Писатель в сотый раз попросил его отвязать. Он встал и в раздражении залепил ему пощечину, потом еще одну, и еще, а потом несколько раз ударил его кулаком по лицу. Бледное лицо писателя сделалось багрово-красным от крови, которая лилась у него из носа и губ. Тогда, осатанев от злобы, потеряв контроль над собой, он вышел из-за стола, опрокинул стул допрашиваемого и стал бить его ногами по затылку и по спине. Они не помнил, сколько времени он так безумствовал, может, и больше десяти минут, ему показалось, что он колотит по мешку с костями и тряпками или по груше. Он перестал, только когда увидел, как желтая лужа растекается вокруг бедер писателя: этот подонок наконец-то сходил под себя.

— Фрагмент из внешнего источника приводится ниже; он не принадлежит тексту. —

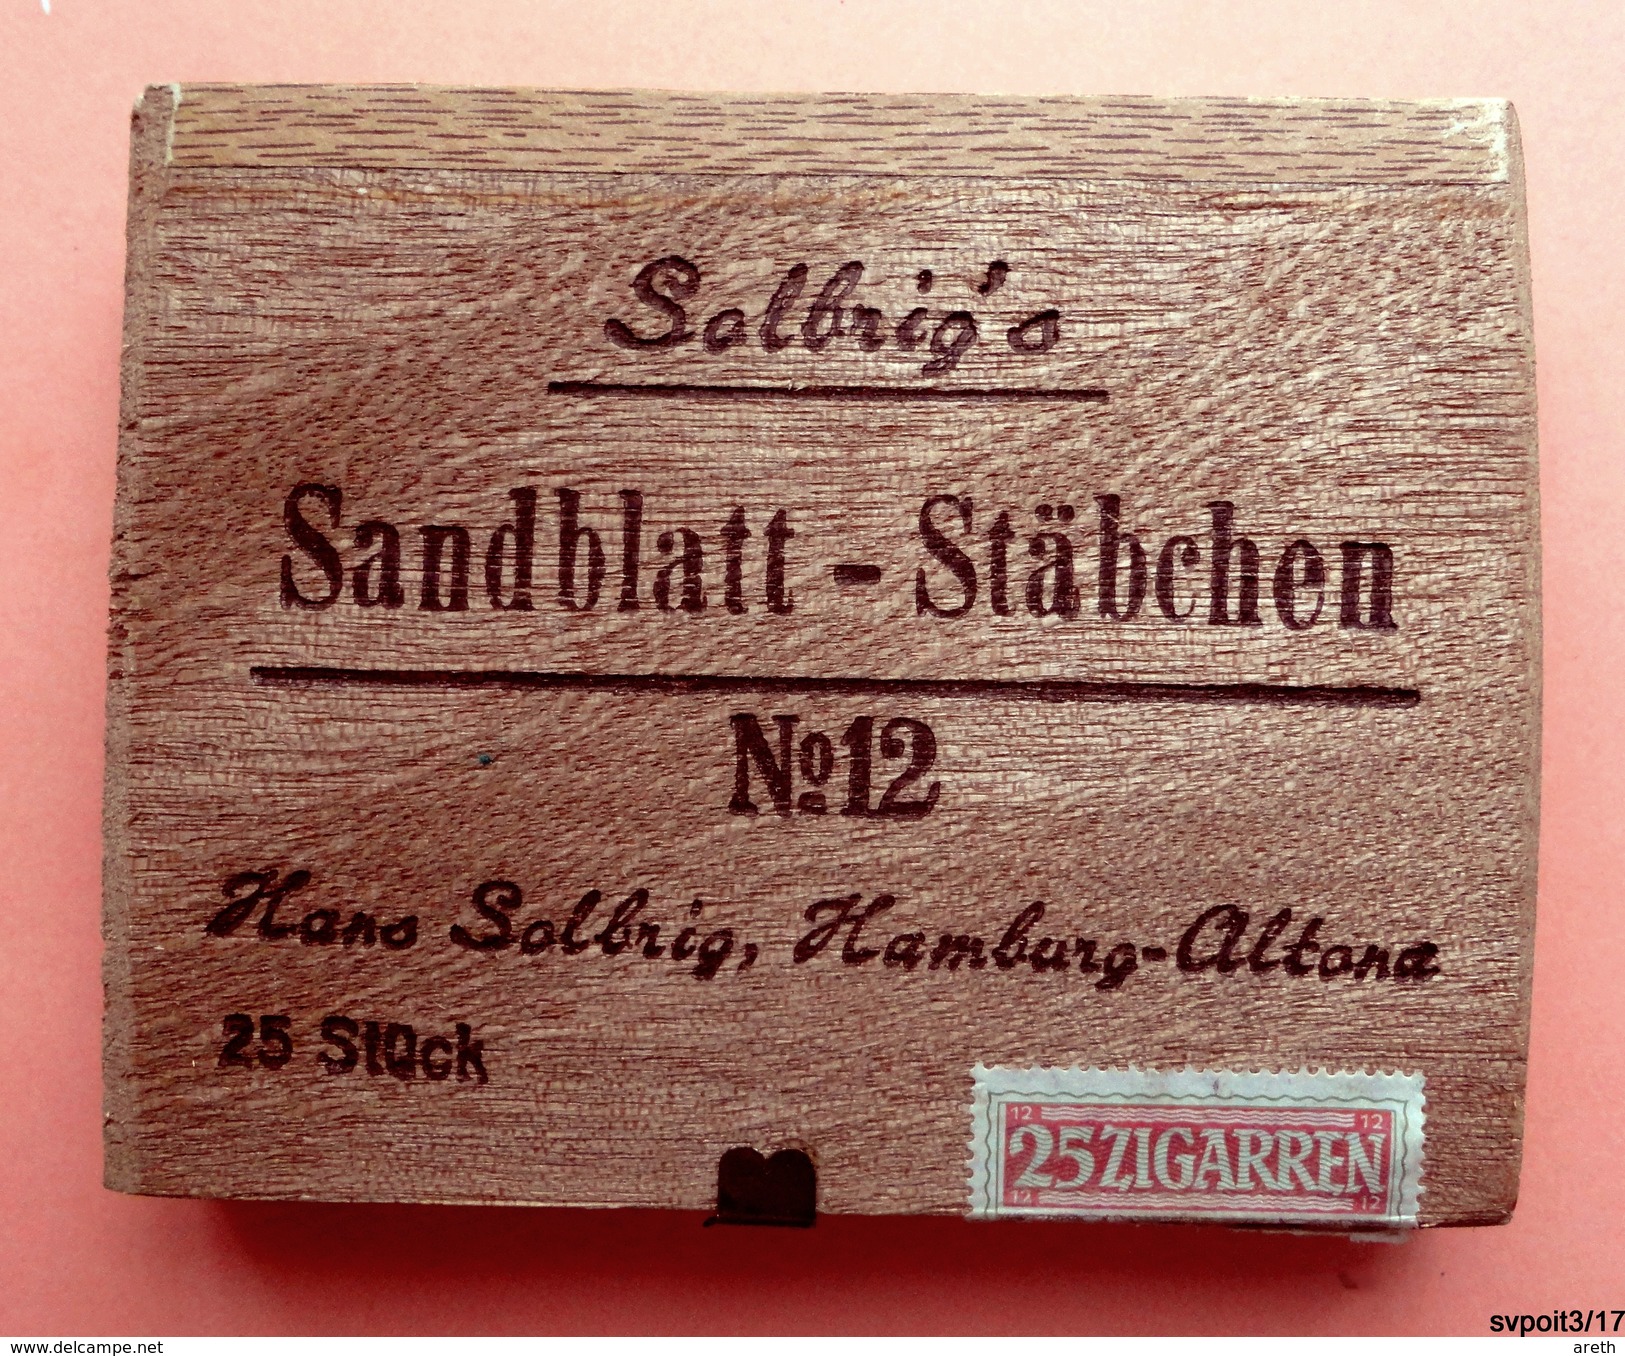 Boite De Cigares  Vide  En Bois - SOLBRIG'S SANDBLATT - STÄBCHEN N°12 - Hans Solbrig, Hamburg Altona - Boites à Tabac Vides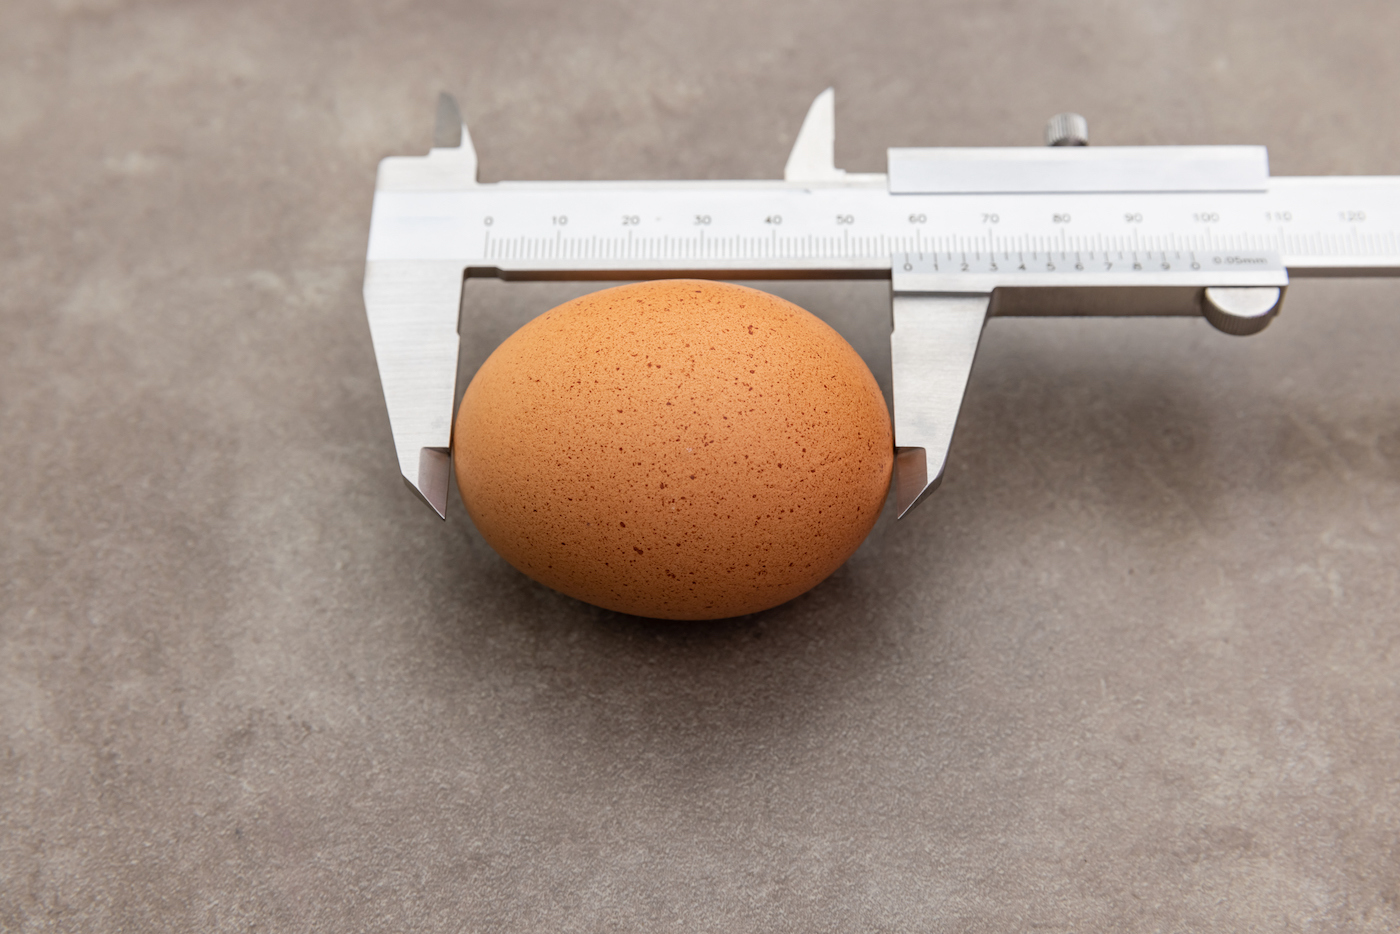 Vernier caliper measure brown egg on rusty grunge background

– Вы немного переусердствовали.

Капитан – ходячий скелет, обтянутый кожей, – смотрел на него одновременно с интересом и укором. Лампа, горевшая в кабинете, не могла рассеять внезапно воцарившуюся в помещении ночь. Казалось, никакой ветер не в состоянии разогнать нависшие над Парижем тучи.

– Он не был самым виновным из этого сборища говнюков, – добавил капитан. – Он из тех, кто полагает, что надо перепробовать все острые ощущения, чтобы почувствовать себя свободным и избежать удела смертных. Эдакие провокаторы, новоявленные Прометеи. Вы знаете миф о Прометее?

Он покачал головой, признавая свое невежество.

– Это не важно. В конечном счете они получили по заслугам, я имею в виду двоих – Прометея и вашего подопечного. Никто не может сказать, выйдет ли он когда-нибудь из комы, по той простой причине, что государство не потратит ни цента на то, чтобы спасать всякое дерьмо. Как не станет оно тратить ни цента, чтобы содержать всех придурков, попавшихся во время облавы. Наименее виновные отправятся в лагеря на восточной границе. Остальным же выпадет честь быть публично казненными, в назидание массам. По крайней мере, они принесут хоть какую-то пользу, прежде чем сдохнут.